* GIVEN INFORMATION:

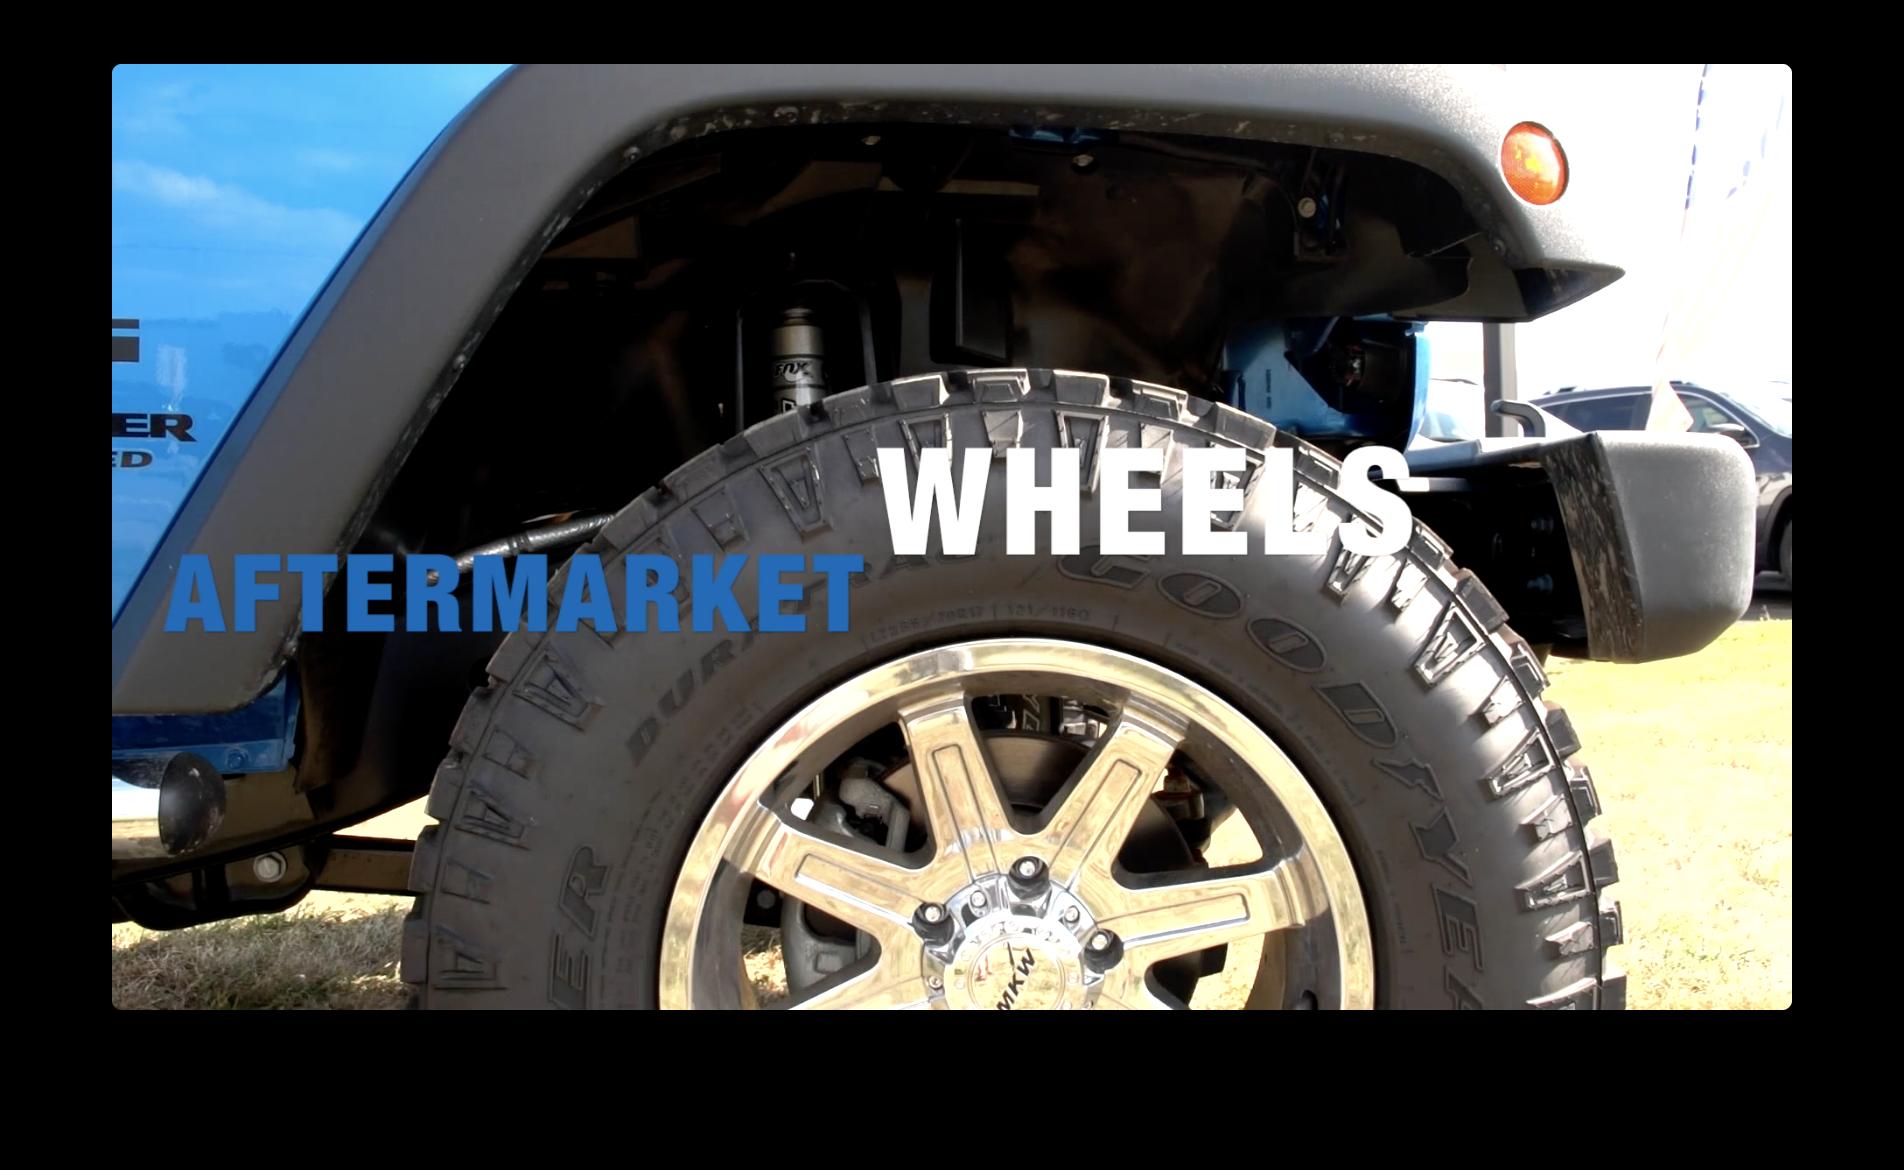 After Market Wheels
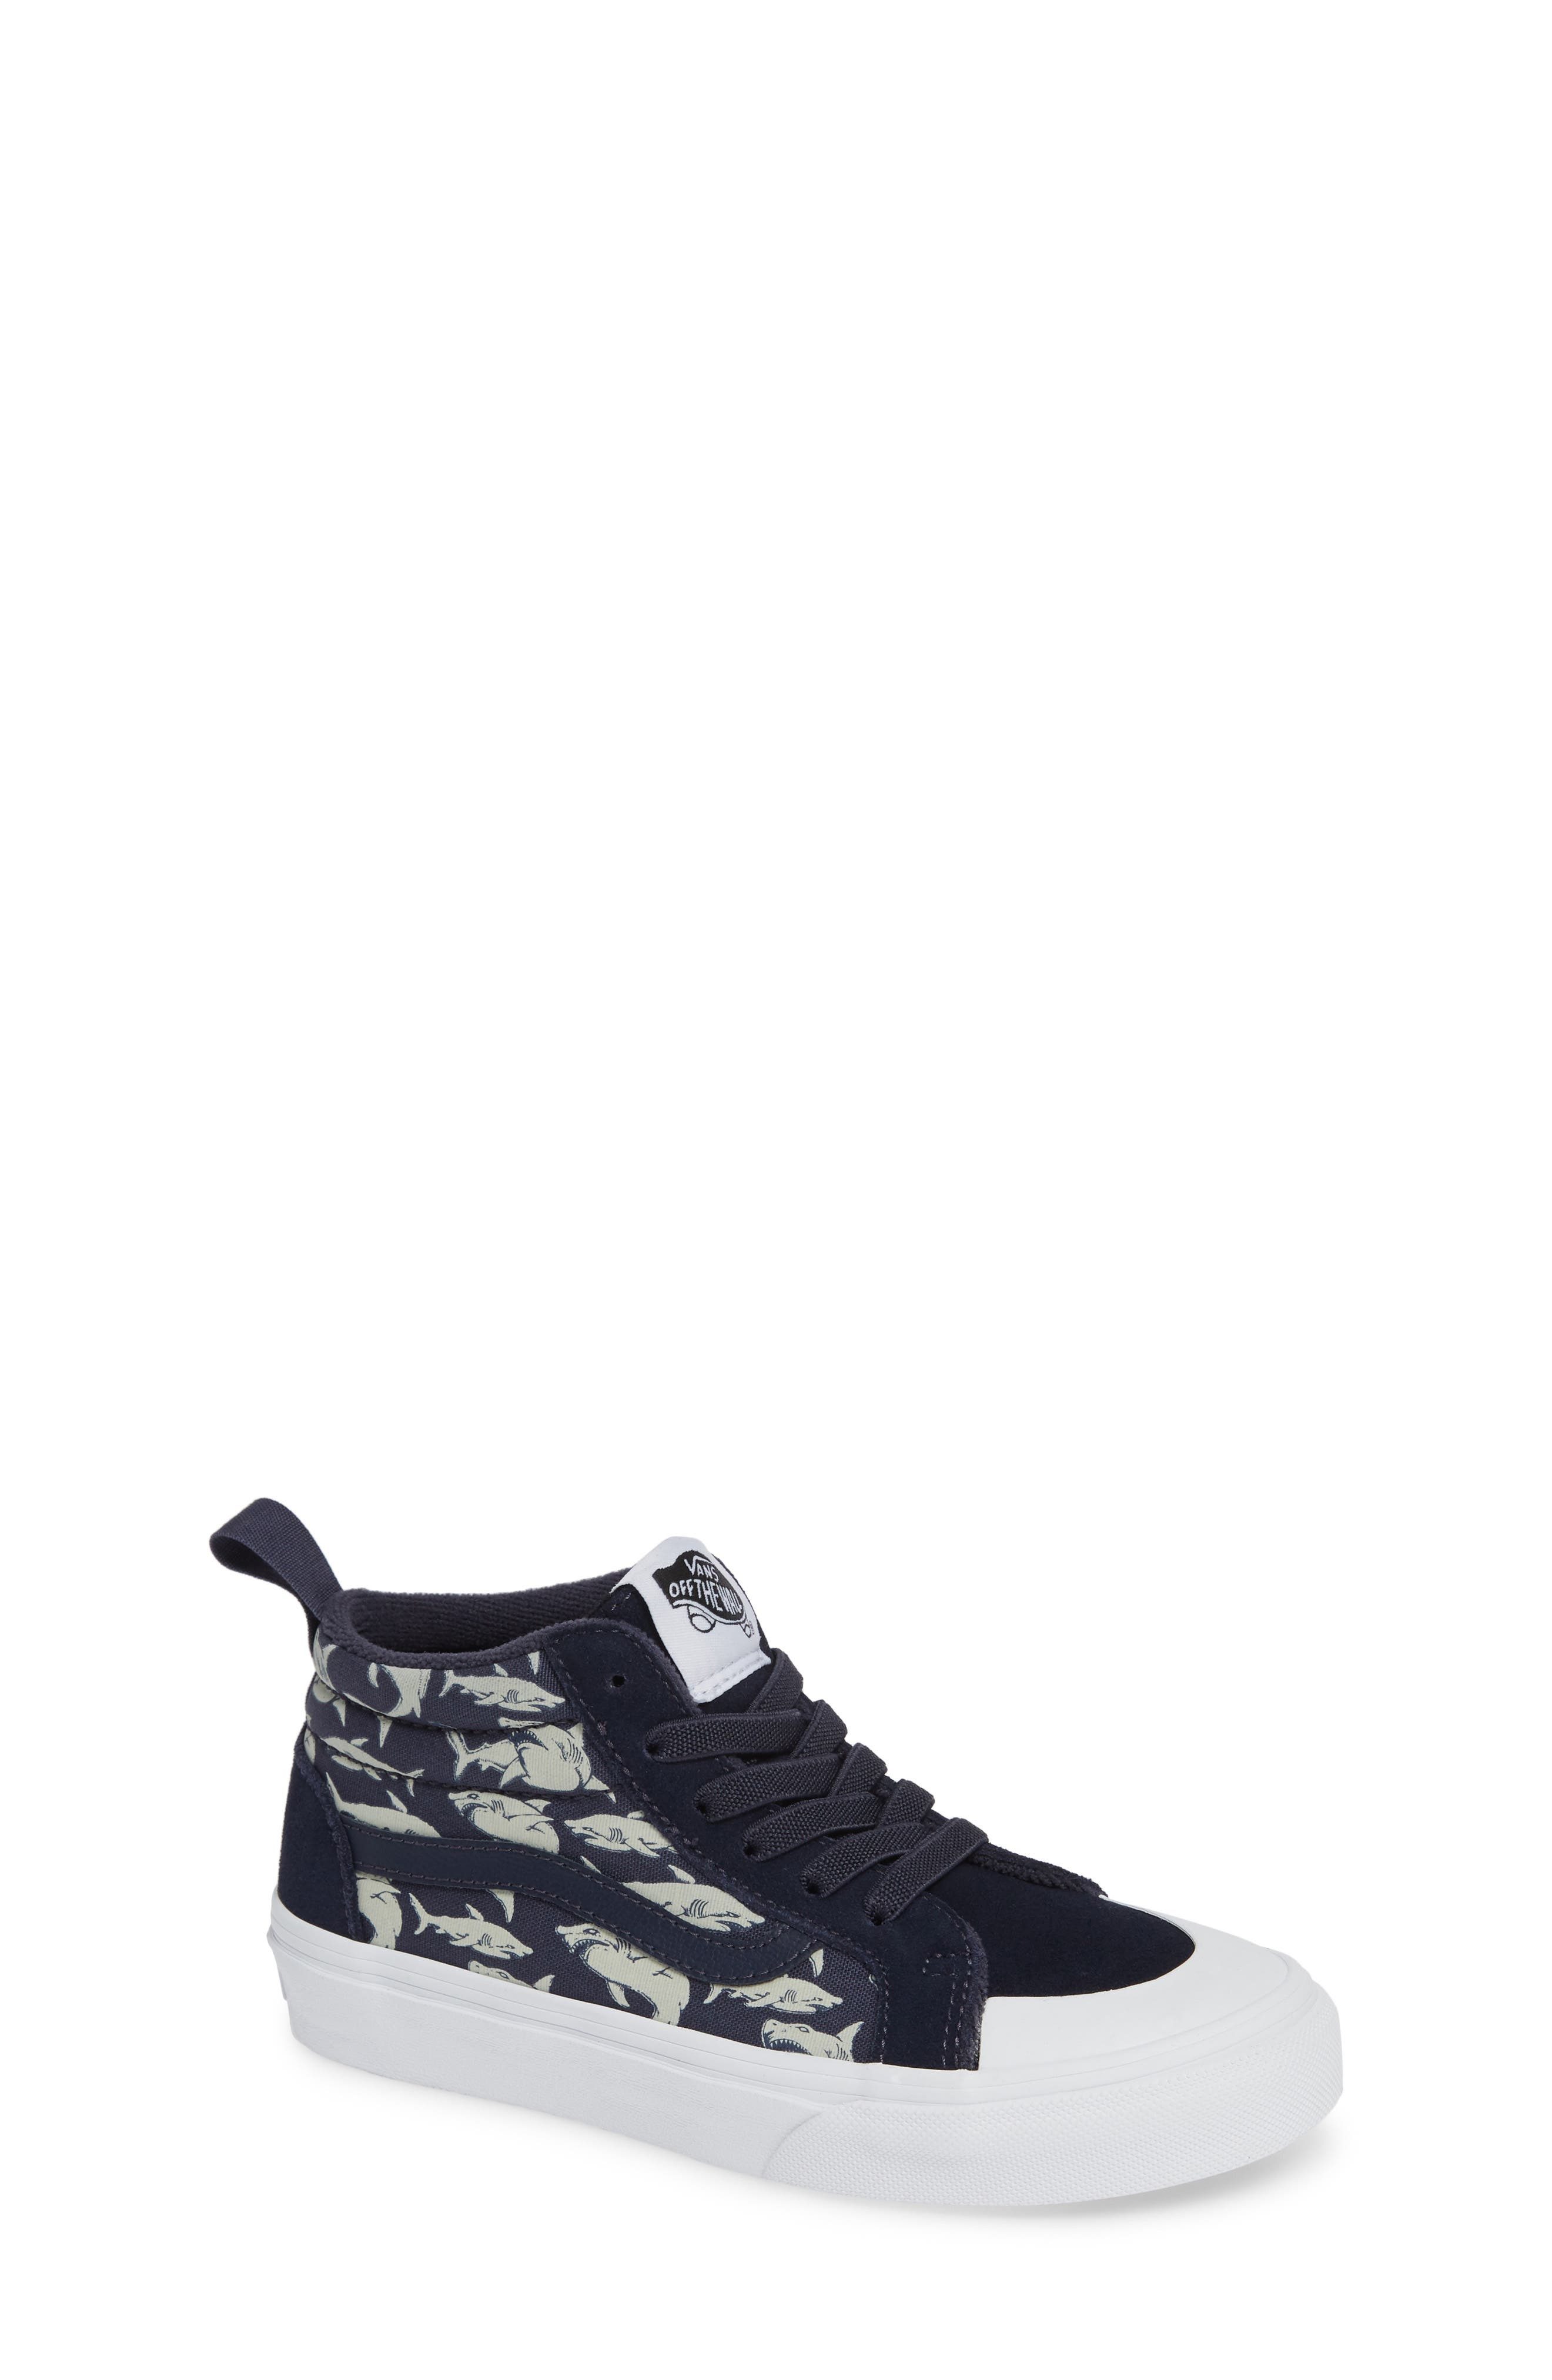 Racer Mid Elastic Lace Sneaker,                             Main thumbnail 1, color,                             GLOW SHARKS PARISIAN NIGHT
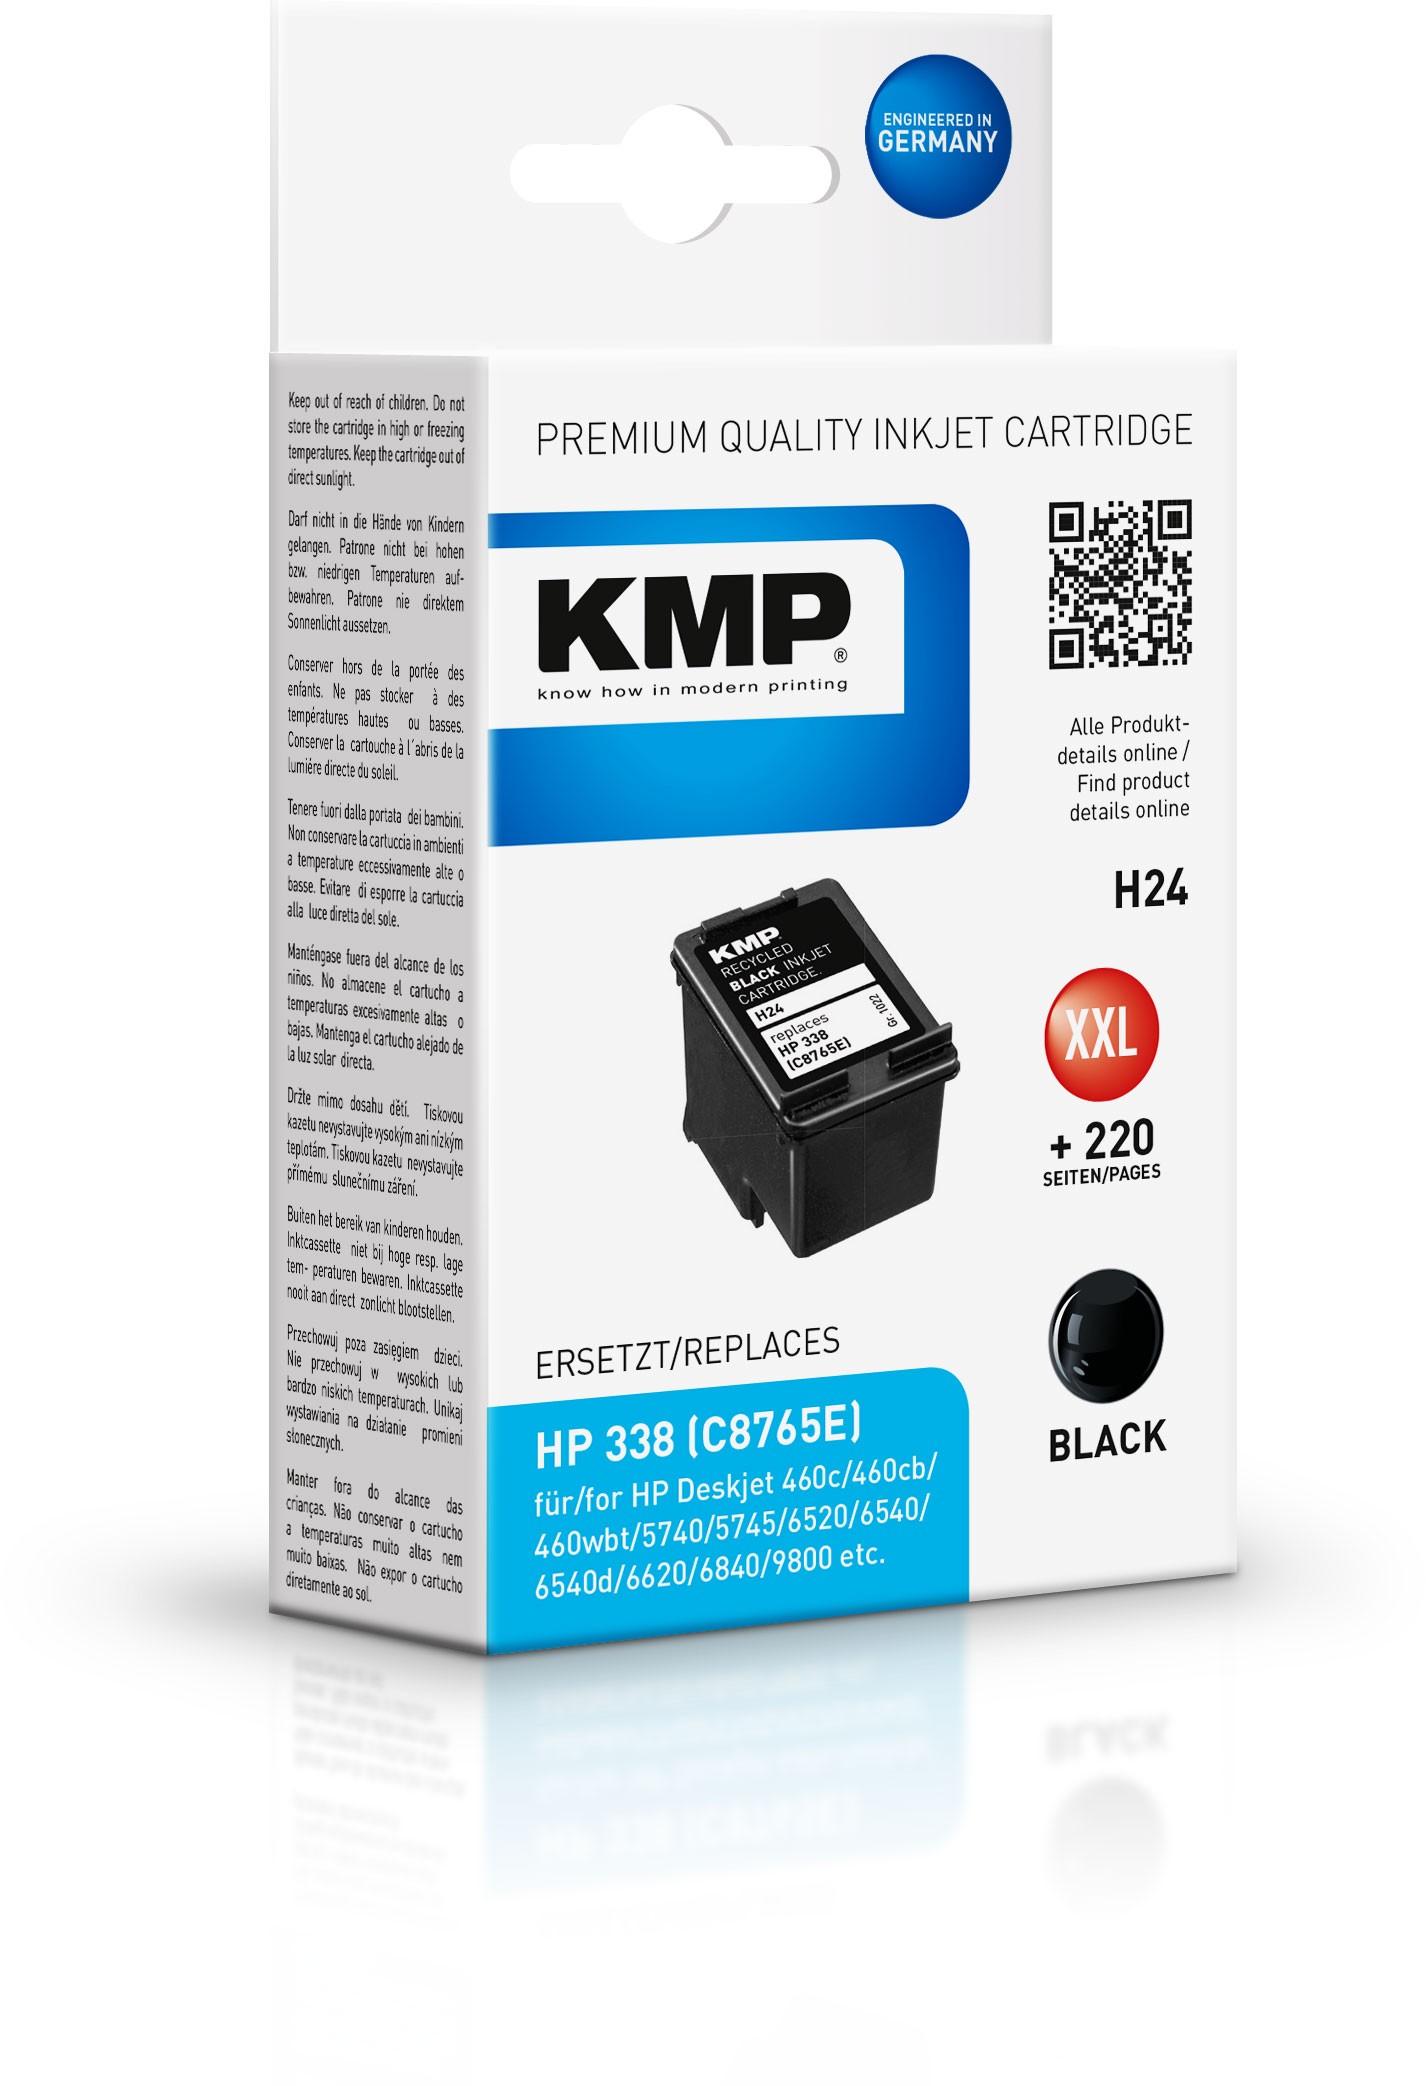 KMP Patrone H24 komp. zu HP 338 C8765E DeskJet 6540 9800 black

* WORK TASK: Would you output, word for word, only the lines running from the line with "Racer Mid Elastic" to the end of the listing above, both ends included, with no pictures?

* ANSWER BELOW:
 Racer Mid Elastic Lace Sneaker,                             Main thumbnail 1, color,                             GLOW SHARKS PARISIAN NIGHT
 KMP Patrone H24 komp. zu HP 338 C8765E DeskJet 6540 9800 black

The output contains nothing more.